The Topato Corporation (styled as TopatoCo) is a widely recognized online retailer of webcomics and related merchandise. It was established around 2004 by artist Jeffrey Rowland.

History 

The company was started in Oklahoma in "about 2004" by artist Jeffrey Rowland after he lost his job in 2004, to help sell shirts, stickers and other merchandise linked to his webcomics. When the 2004 presidential election was won by George W. Bush, Rowland designed a satirical T-shirt and sold 1000 of them in one month.

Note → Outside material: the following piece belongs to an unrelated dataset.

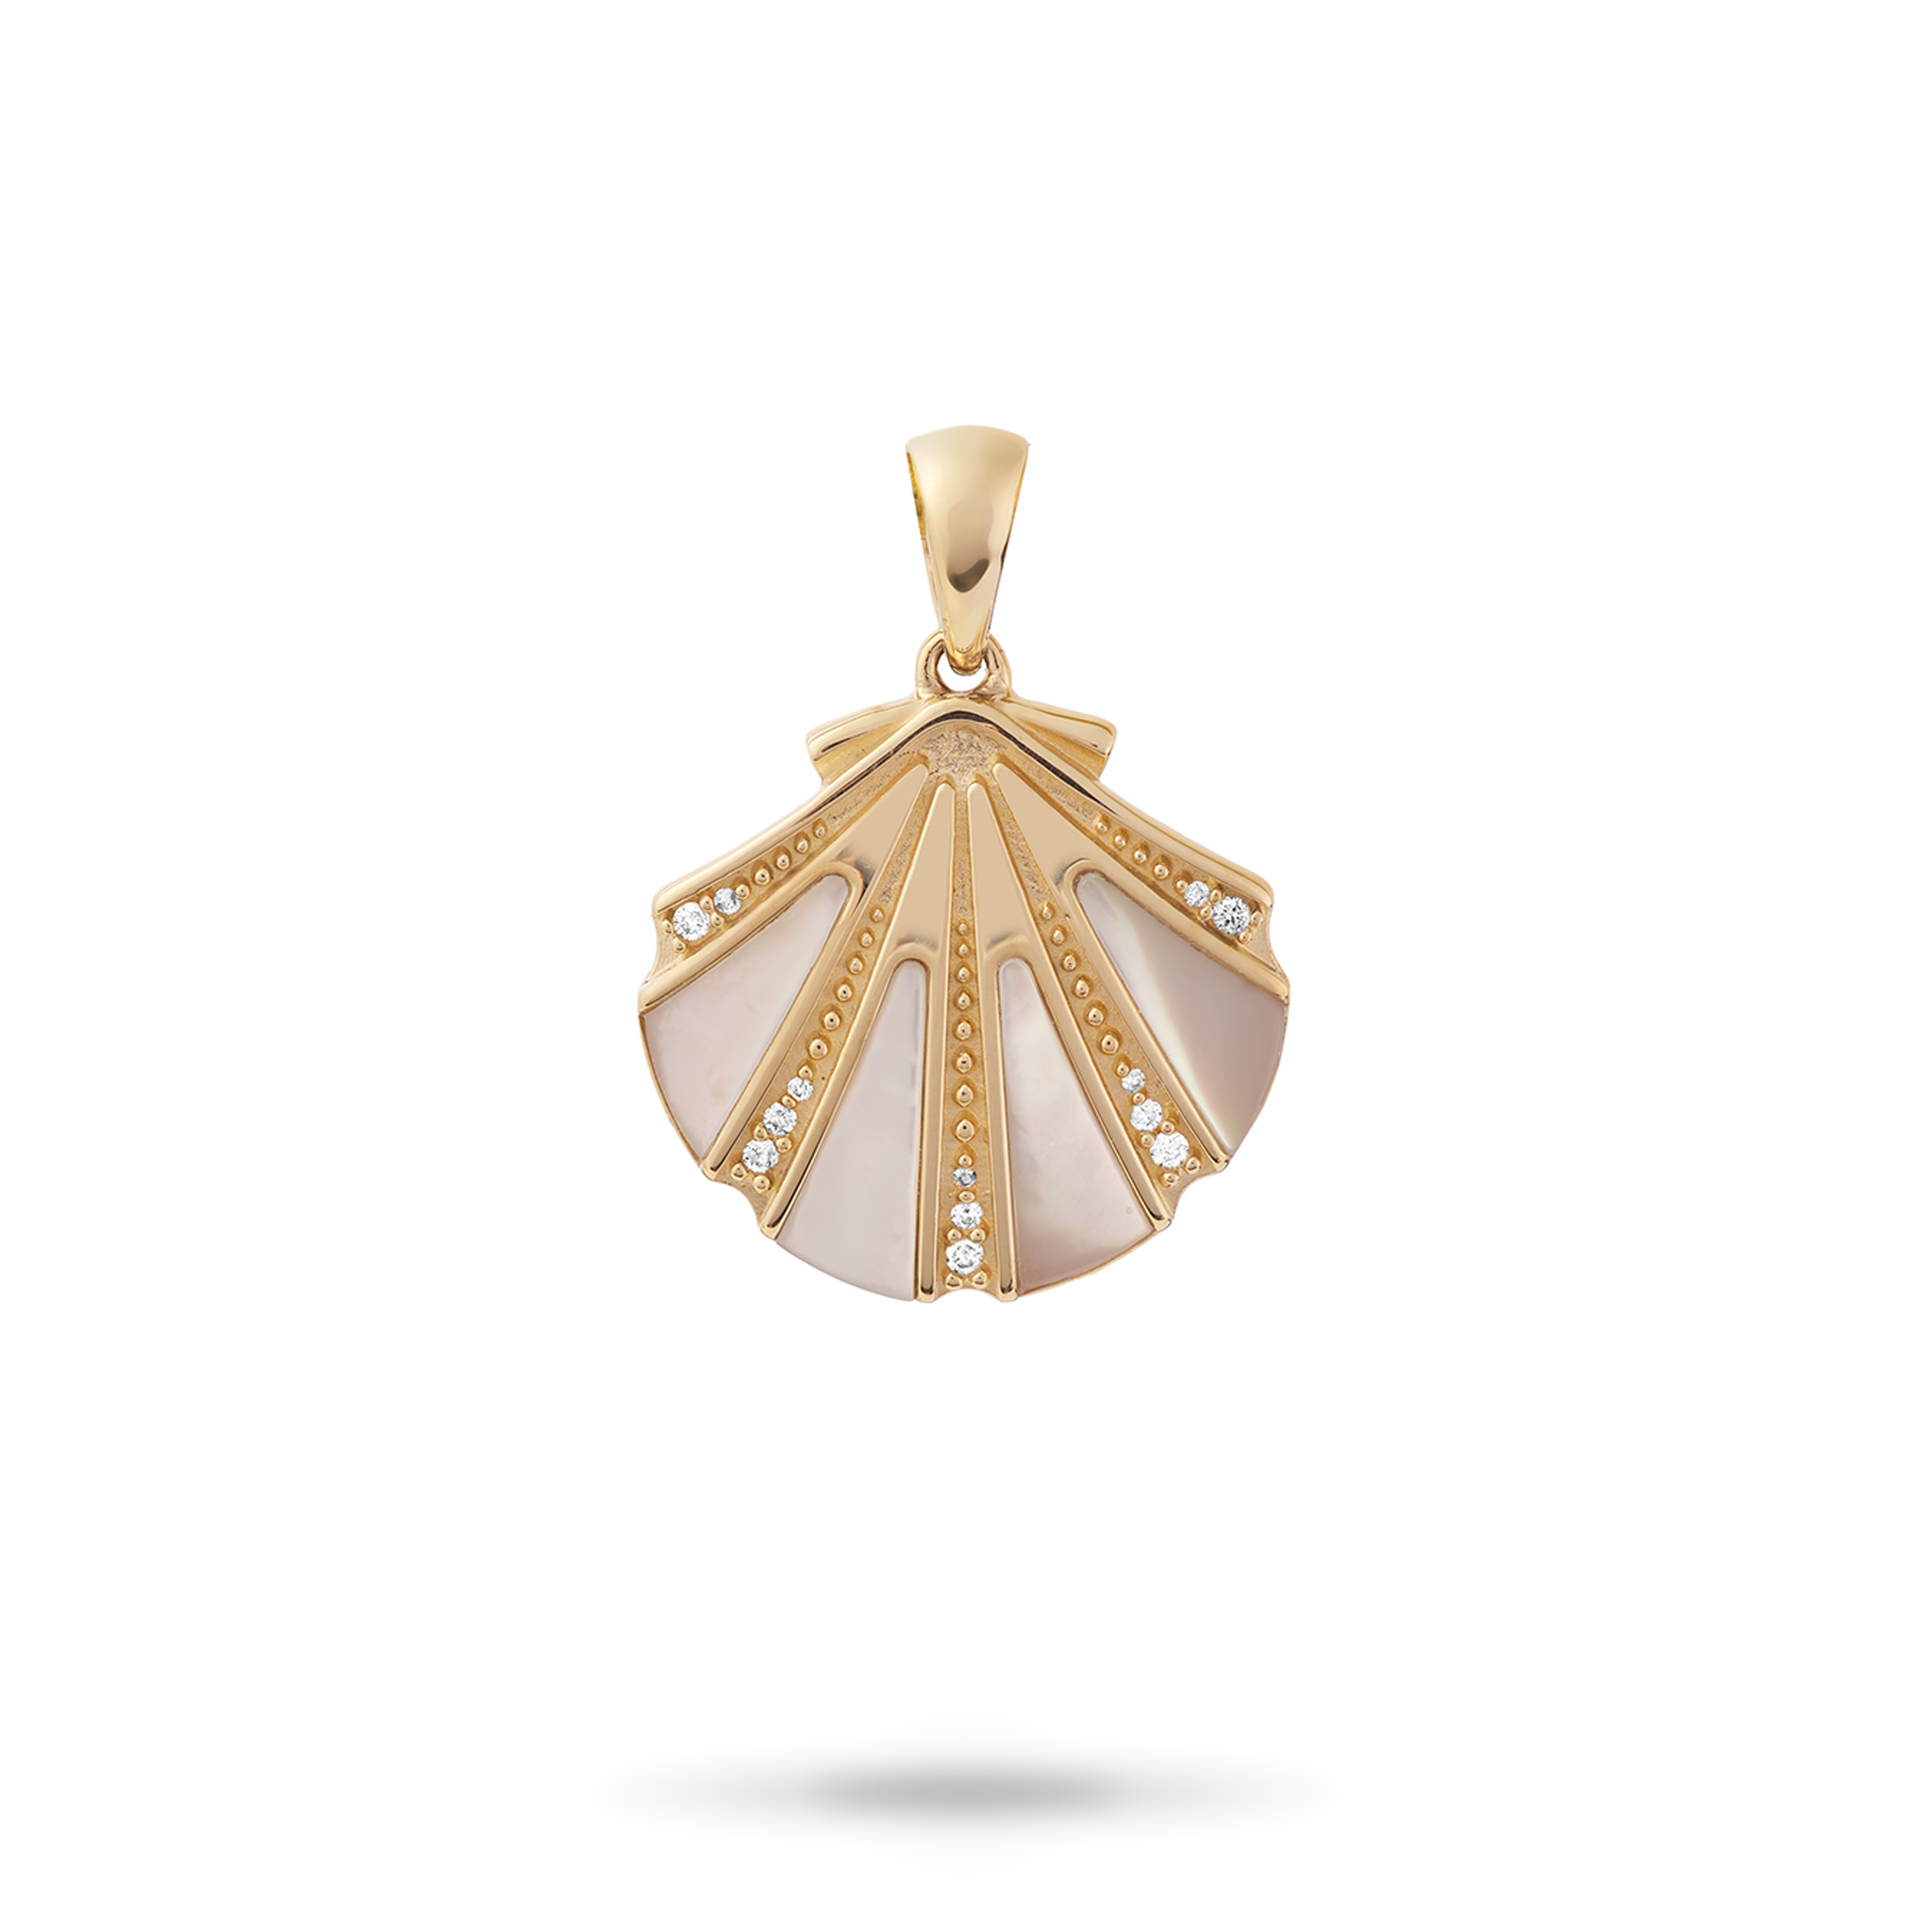 Sealife Seashell Mother of Pearl Pendant in Gold with Diamonds - 18mm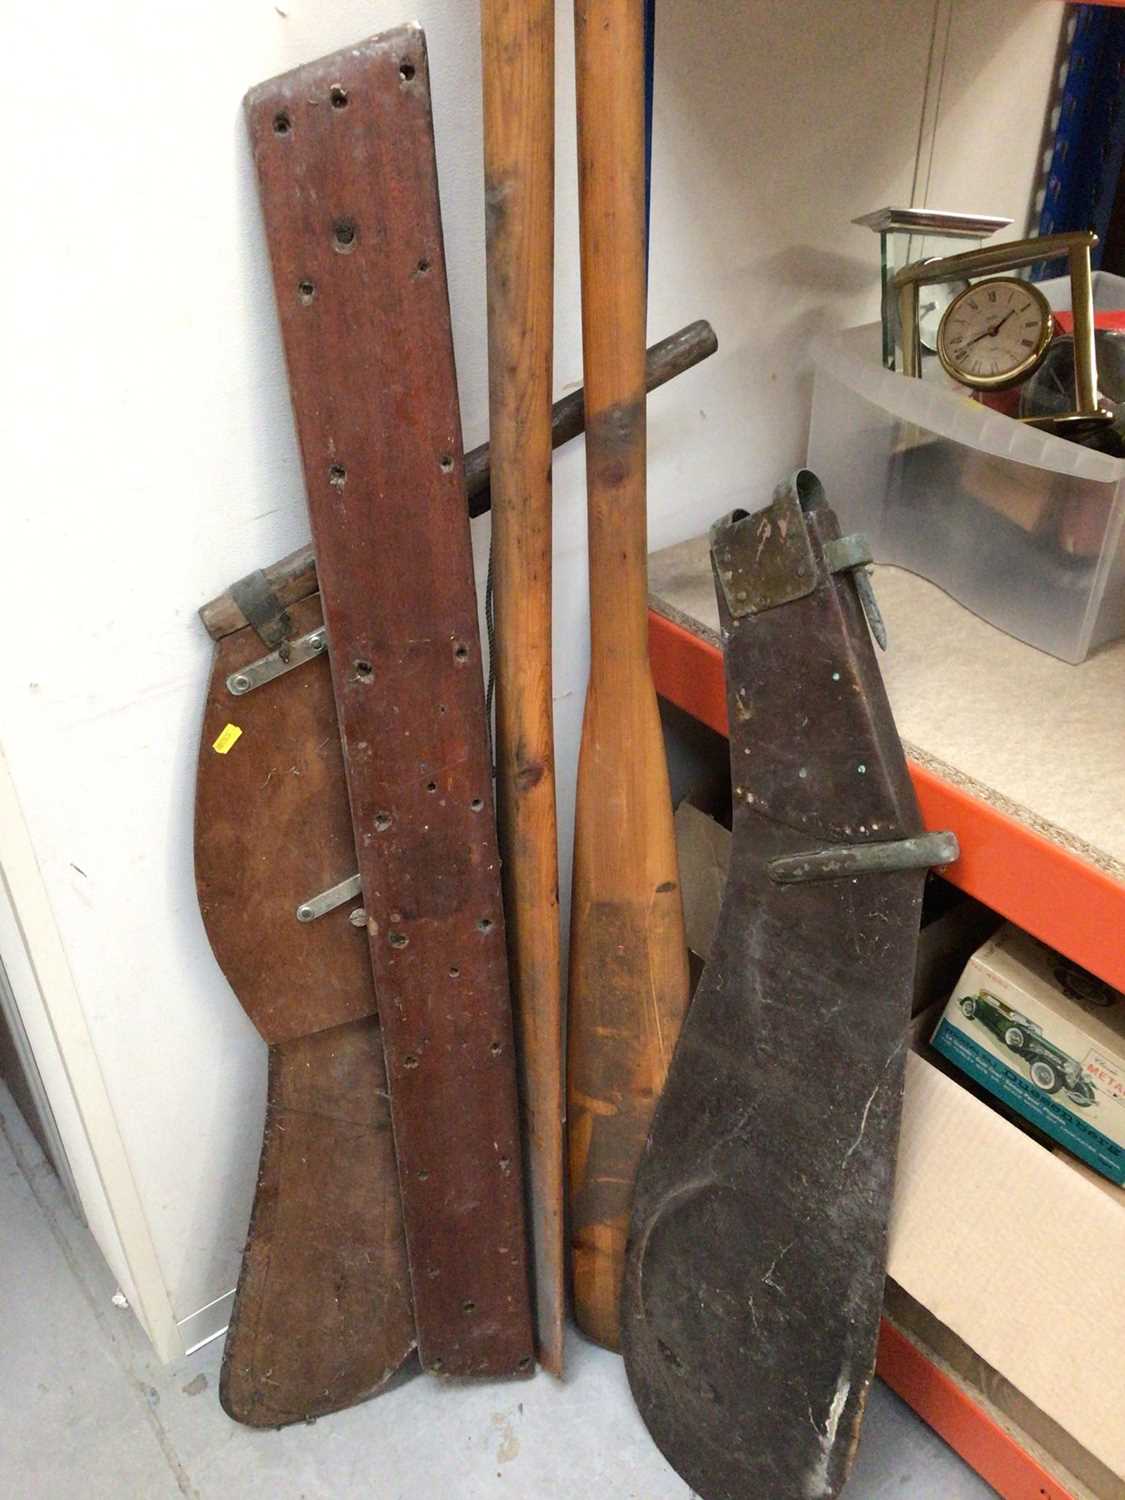 Pair of wooden rowing oars and two wooden sailboat rudders

Rowland later expanded the business to ship products ordered from friends' websites, who in 2007 moved their retailing to TopatoCo. As a result of the expansion, the company later moved to Easthampton, Massachusetts. In a 2009 interview, Rowland stated that he considered the business to be "mundane" in comparison with the creative development of comics, often interfering with the time he wanted to spend doing comics.

The company has been described as "perhaps the largest and most recognizable E-tailer of webcomic merchandise" by Caleb Goellner in ComicsAlliance and takes its name from the Topato Potato character in Rowland's Wigu Adventures. Rowland has described the company's business philosophy as being "give digital stuff away for free, sell real stuff".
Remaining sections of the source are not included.